The primary purpose for the creation of the Bridge Enterprise under FASTER was to quickly eliminate critical safety hazards to the traveling public.   Bonding allows the Bridge Enterprise program to accelerate the completion of multiple bridges in a compressed amount of time—with the priority being to address the worst-rated bridges first.  The Bridge Enterprise estimated that it would be able to repair or replace 40-50 bridges by the end of 2013.  Without bonding, work would have progressed more slowly as it would be limited to the funding available from the yearly collection of bridge safety registration fees.  This pay-as-you-go approach could take 2-3 times longer. 

Help Stimulating the Colorado Economy while Saving Time and Money

Another goal of the FASTER legislation is to "stimulate economic recovery in the short and medium term.”  The Colorado Bridge Enterprise bond program introduced more dollars into the economy when they were needed most.   In fiscal year 2012 alone, the program spent approximately $140 million in construction-related costs—translating into more jobs and more work for the private sector here in Colorado.

Repairing and replacing more bridges sooner rather than later allowed the Bridge Enterprise to take advantage of historically low construction costs from 2011-2013 (the period of highest construction activity), resulting in significant cost savings.  Further, this approach meant lower maintenance costs in the future and avoiding costs and delays to motorists and businesses associated with closing or weight-restricting poor bridges.

Results of the 2010 Bond Program

The total amount of proceeds that were available for projects at the time the bond was issued was $298.14 million, after issuance fees. At the beginning of 2015 the bond program concluded with $307.95 million in total expenditures.  The additional $9.81 million represents interest earned on the bond proceeds while the program was in progress.  The 2010 Bond program resulted in the repair or replacement of 89 bridges throughout the State of Colorado, which significantly exceeded the initial estimate of 40-50 bridges.    

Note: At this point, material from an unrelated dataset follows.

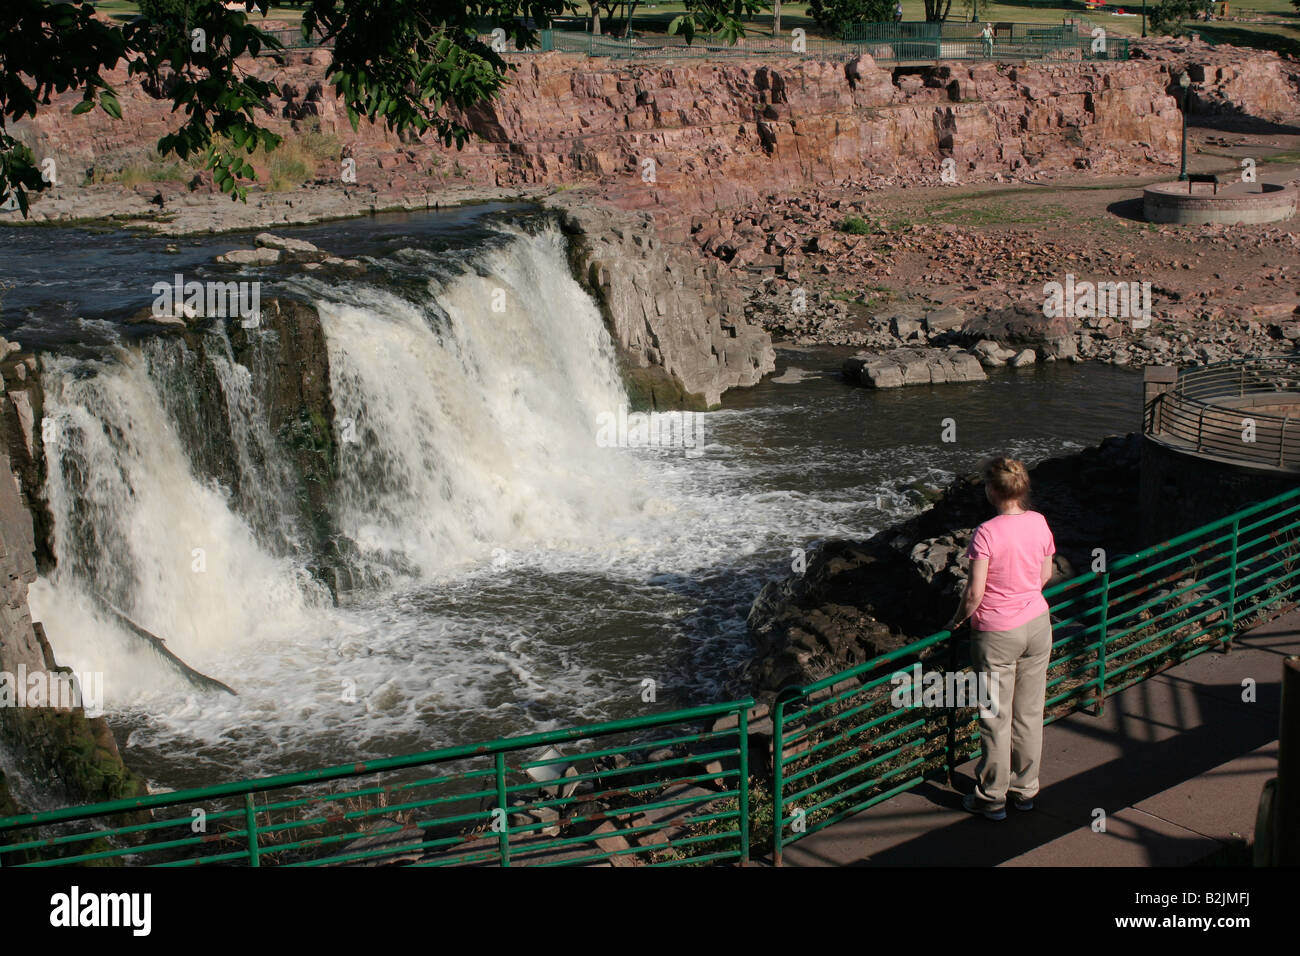 Falls viewing area Falls Park in Sioux Falls South Dakota. The pink rock is Quartzite from Sioux quartzite formation. Stock Photo

Series 2019A Refunding Bond Issuance

On August 15, 2019, the BE Board of Directors approved a resolution to refund $42.8 million in Series 2010A “Par Call” Bonds prior to maturity to obtain net interest rate savings. In collaboration with the CDOT/BE CFO, the Colorado Attorney General's office, underwriter, financial advisor, and bond counsel, BE staff supported the effort to move forward to market with the refunding bond issuance. The refunding transaction closed on December 3, 2019 and resulted in approximately $5 million in savings on debt service payments.